● **DIRECTIONS FOR THIS TASK**:
For the data below, restate word for word only the lines from the line containing "Пуловер Из шерсти" through the line containing "Песков: Путин и", both ends included.

(Records from a data collection)
:::::

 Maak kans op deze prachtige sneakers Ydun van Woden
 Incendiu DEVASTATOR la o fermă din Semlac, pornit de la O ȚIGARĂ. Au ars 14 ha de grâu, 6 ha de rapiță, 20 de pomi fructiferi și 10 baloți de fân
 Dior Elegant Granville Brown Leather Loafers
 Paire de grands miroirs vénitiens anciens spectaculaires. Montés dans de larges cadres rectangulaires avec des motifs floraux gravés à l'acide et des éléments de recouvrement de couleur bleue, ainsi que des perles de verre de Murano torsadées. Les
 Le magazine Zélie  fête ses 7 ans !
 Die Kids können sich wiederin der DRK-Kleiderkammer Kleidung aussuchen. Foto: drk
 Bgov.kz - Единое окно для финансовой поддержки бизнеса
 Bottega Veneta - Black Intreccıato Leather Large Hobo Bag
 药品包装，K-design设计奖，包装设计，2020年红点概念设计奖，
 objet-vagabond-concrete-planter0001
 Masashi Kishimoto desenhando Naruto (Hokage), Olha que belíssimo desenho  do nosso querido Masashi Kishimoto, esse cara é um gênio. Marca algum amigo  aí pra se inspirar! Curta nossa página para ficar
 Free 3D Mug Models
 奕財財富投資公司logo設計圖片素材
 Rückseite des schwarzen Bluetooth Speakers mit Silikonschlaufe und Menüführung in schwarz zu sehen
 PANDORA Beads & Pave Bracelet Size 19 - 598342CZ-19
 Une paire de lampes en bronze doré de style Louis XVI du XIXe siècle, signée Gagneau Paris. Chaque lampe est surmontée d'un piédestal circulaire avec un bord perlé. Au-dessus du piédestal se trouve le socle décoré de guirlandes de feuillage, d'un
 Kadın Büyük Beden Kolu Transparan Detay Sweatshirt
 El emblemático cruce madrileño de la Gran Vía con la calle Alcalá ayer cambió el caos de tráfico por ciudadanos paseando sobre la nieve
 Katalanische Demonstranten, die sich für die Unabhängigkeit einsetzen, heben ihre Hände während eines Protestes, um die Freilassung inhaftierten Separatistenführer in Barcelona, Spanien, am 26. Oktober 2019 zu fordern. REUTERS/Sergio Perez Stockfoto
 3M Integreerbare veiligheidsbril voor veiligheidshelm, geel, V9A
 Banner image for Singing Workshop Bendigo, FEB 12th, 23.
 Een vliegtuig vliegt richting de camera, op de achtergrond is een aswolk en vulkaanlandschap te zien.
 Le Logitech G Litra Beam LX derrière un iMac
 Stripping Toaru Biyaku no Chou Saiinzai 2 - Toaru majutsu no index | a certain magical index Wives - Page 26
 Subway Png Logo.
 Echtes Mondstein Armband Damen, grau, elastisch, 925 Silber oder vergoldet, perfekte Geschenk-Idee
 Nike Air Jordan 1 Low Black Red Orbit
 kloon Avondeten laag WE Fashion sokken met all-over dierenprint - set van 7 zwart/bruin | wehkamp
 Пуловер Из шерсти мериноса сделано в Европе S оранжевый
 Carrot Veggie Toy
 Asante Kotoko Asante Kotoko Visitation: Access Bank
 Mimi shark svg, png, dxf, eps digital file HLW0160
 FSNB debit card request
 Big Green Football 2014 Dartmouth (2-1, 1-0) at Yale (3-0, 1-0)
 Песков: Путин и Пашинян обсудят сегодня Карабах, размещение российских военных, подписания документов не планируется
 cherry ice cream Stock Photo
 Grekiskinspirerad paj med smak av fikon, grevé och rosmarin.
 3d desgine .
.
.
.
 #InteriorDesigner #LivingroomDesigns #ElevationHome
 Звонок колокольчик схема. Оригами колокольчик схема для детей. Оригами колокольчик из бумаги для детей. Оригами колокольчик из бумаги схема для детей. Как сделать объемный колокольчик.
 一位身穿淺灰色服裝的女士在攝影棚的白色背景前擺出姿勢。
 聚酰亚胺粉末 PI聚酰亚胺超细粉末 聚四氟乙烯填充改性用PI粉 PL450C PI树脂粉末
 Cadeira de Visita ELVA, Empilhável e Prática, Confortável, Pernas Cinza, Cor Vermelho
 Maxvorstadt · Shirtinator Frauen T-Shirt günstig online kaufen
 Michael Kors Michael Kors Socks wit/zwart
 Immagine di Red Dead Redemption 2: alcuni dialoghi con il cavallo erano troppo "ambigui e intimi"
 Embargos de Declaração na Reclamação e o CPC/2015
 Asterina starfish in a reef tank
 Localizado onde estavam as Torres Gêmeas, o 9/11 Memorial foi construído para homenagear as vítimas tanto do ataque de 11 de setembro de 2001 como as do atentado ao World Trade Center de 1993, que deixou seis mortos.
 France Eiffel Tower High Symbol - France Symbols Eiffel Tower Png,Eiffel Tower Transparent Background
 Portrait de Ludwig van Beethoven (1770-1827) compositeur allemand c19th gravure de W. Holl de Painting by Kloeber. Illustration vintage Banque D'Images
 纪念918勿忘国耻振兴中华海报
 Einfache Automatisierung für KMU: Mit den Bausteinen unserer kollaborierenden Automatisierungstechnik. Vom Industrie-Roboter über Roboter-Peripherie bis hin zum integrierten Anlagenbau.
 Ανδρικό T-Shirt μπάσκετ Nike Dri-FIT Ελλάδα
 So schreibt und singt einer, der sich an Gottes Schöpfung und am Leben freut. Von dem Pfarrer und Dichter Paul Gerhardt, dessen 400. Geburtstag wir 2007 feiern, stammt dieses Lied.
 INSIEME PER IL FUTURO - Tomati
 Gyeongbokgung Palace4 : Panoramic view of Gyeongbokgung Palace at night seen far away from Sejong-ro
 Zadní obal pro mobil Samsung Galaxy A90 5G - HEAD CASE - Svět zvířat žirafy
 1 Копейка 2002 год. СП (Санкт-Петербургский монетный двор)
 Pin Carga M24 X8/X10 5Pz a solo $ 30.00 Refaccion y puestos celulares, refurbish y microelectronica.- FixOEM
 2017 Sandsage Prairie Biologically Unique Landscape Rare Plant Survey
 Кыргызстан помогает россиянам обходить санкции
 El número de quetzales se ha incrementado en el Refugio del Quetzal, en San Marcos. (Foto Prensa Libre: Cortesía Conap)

:::::

● **SOLUTION**:
 Пуловер Из шерсти мериноса сделано в Европе S оранжевый
 Carrot Veggie Toy
 Asante Kotoko Asante Kotoko Visitation: Access Bank
 Mimi shark svg, png, dxf, eps digital file HLW0160
 FSNB debit card request
 Big Green Football 2014 Dartmouth (2-1, 1-0) at Yale (3-0, 1-0)
 Песков: Путин и Пашинян обсудят сегодня Карабах, размещение российских военных, подписания документов не планируется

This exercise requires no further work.